そのリストは氏名だけでなく、生年月日や出生地、FSBの採用年月日や経歴、
住所や電話番号、Eメールアドレス、旅券番号や所有車のナンバーまで記載されていた。
加えて「酒癖が悪く交通違反が多い」などと、それぞれの“特徴“も書き込まれていた。
FSBは、旧ソ連時代のKGB(国家保安委員会)の流れをくむ組織。
ロシア国内の防諜活動に従事していたが、プーチンが長官を務めた1998年から権限を拡大。

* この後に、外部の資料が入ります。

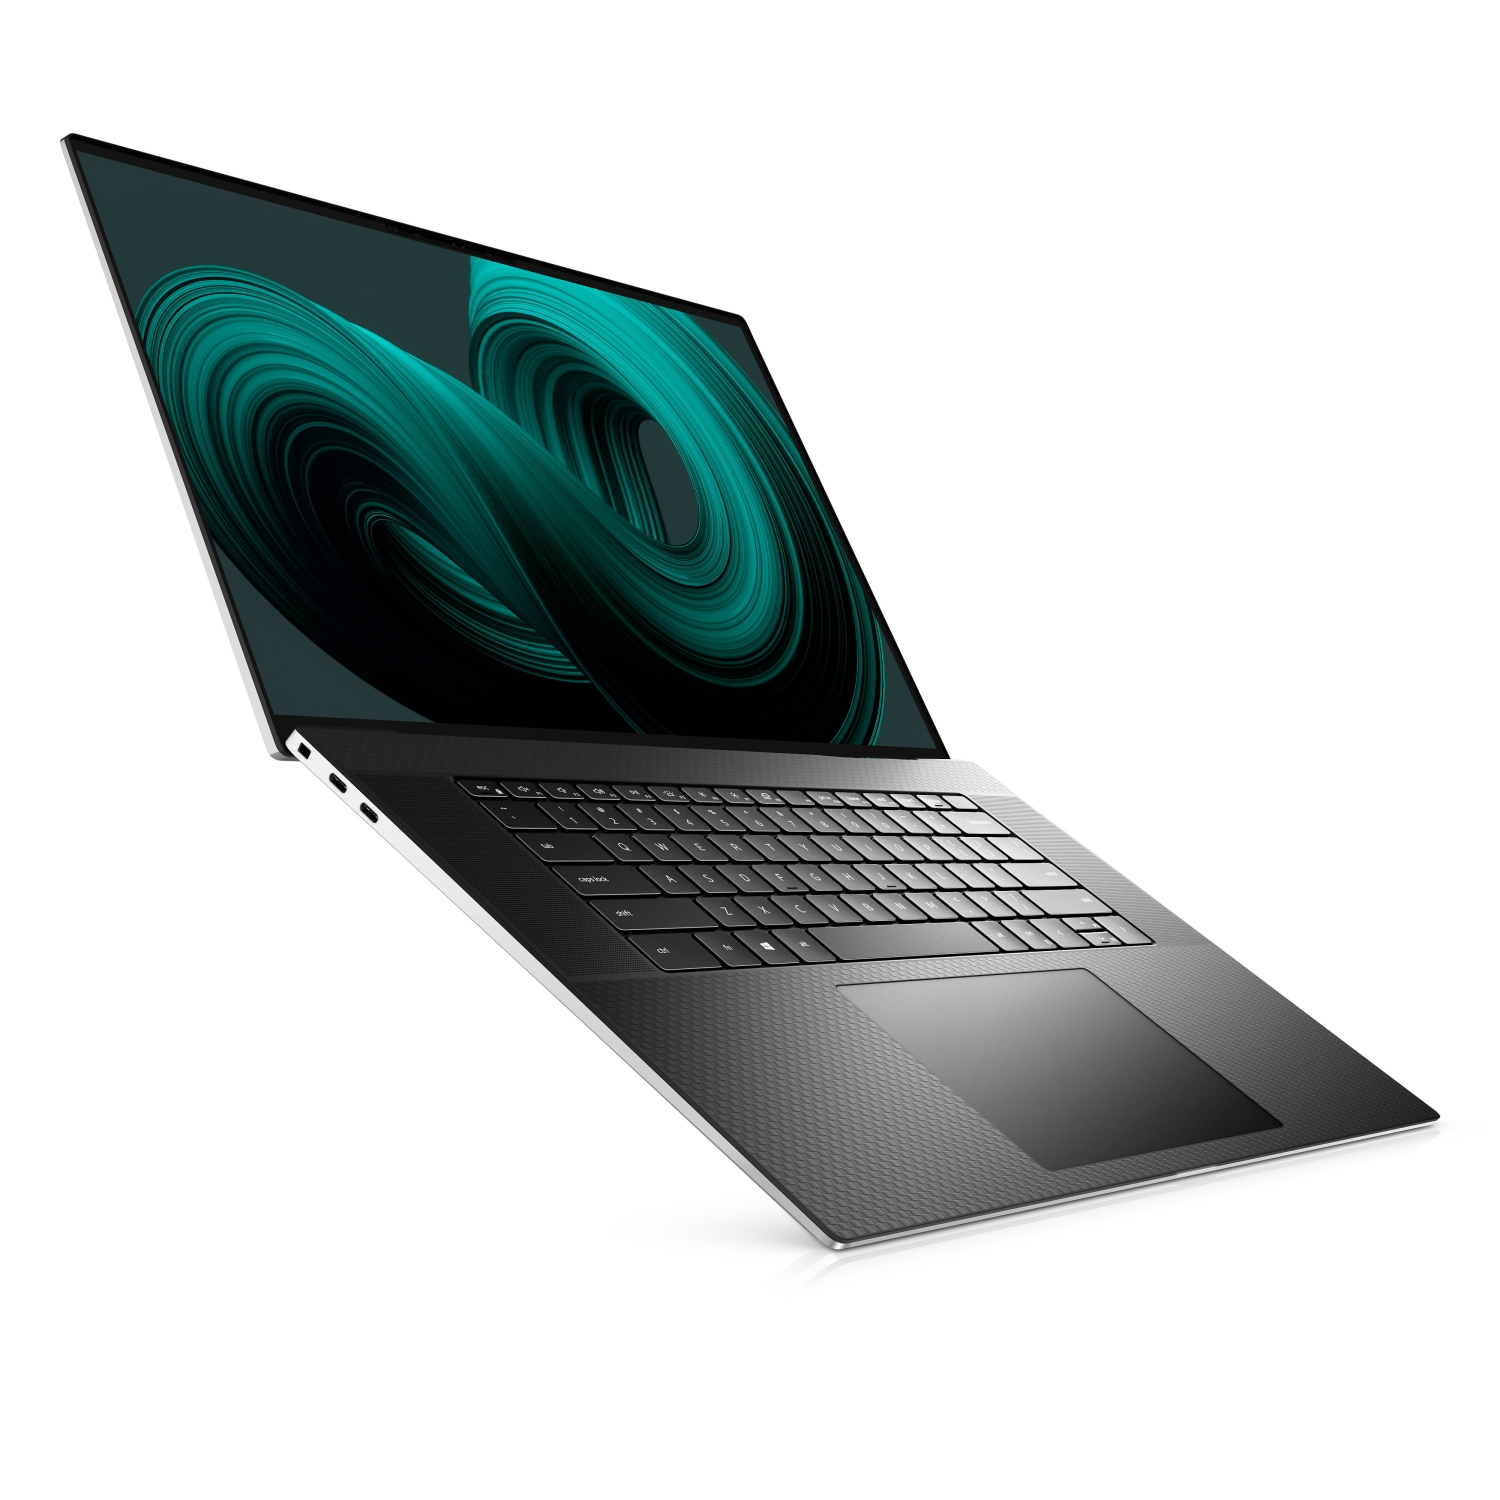 Refurbished (Excellent) - Dell XPS 17 9710 Laptop (2021), 17" 4K Touch, Core i9 - 512GB SSD - 8GB RAM - RTX 3060, 8 Cores @ 4.9 GHz - 11th Gen CPU Certified Refurbished

世界中にスパイ網を張り巡らせているロシア最大の諜報機関。
リストの入手ルートはウクライナのハッキングか。
しかし、もっともガードが堅いはずの諜報機関の内部情報が公開されたこと自体ロシアの赤っ恥であり、
今後の諜報活動にも影響が出る上に、もっと重要な機密をウクライナは掴んでいる可能性がある。

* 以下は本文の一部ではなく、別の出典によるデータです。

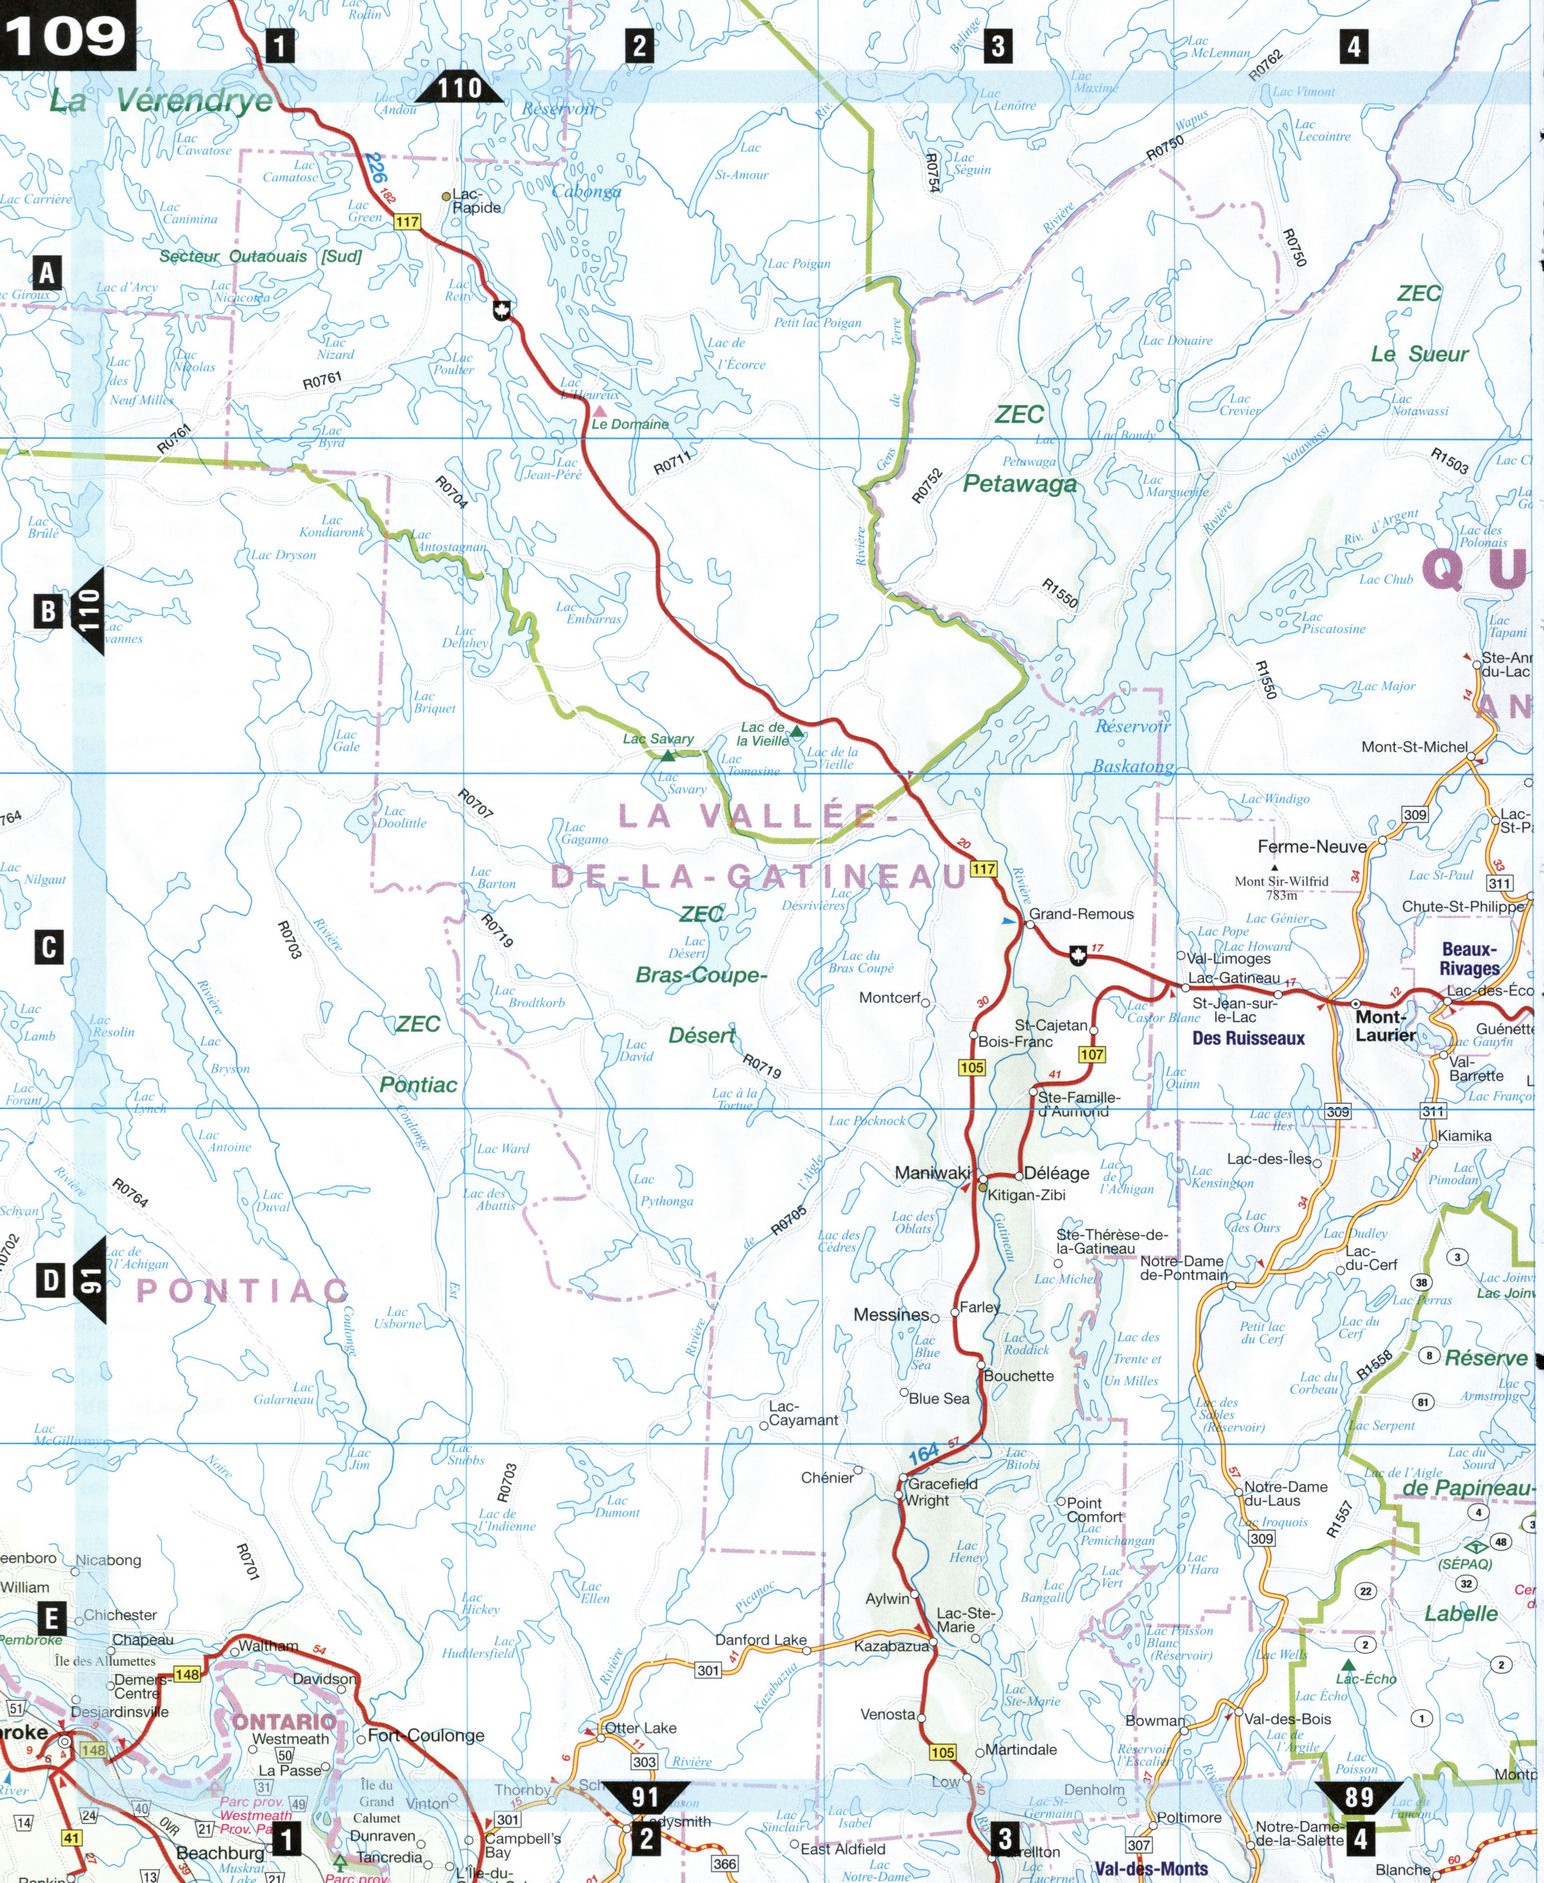 map of the highway and local roads of Upper Laurentians

ロシアは軍備も思ったより脆弱だったがFSBも脆弱だったことが露呈した。
本来、サイバー攻撃を仕掛けるべきFSBが、逆にハッキングされてしまった。
プーチンが怒るのも無理はない。
そもそも、自国のスパイのリストを分かるようにまとめていること自体あり得ない。
すでに各国でマークされている人物もいるが、ノーマークだった人物も相当数いそうだ。
ロシアのスパイは、大使館員として勤務していることもあるが、それも照合できる。
ロシアの大使館員自体がスパイのようなものだが、各国に赴任するロシアの外交官は、
自身がスパイであることはもちろん秘密にしている。
また、諜報員らは周りにもスパイであることは隠していて、家族にさえ黙っている。
こんなものが公開されたらすべてがバレてしまう。
スパイは、赴任した国で必ず協力者をつくり、コマを持っている。
しかし電話番号やメールの履歴で、協力者があぶり出される。
何代にもわたって築き上げた協力者もマークされて、役に立たなくなる。
これはロシアにとって非常に大きな痛手となる。
このところ、各国でロシアのスパイが国外退去になっている。
すでにベルギー、オランダ、アイルランドでは、スパイ活動をしたとして、
一部のロシア外交官を国外追放にしているが、さらに拍車がかかるのは必至だ。
ロシアは経済も含め、手足捥ぎ取られる状態になっている。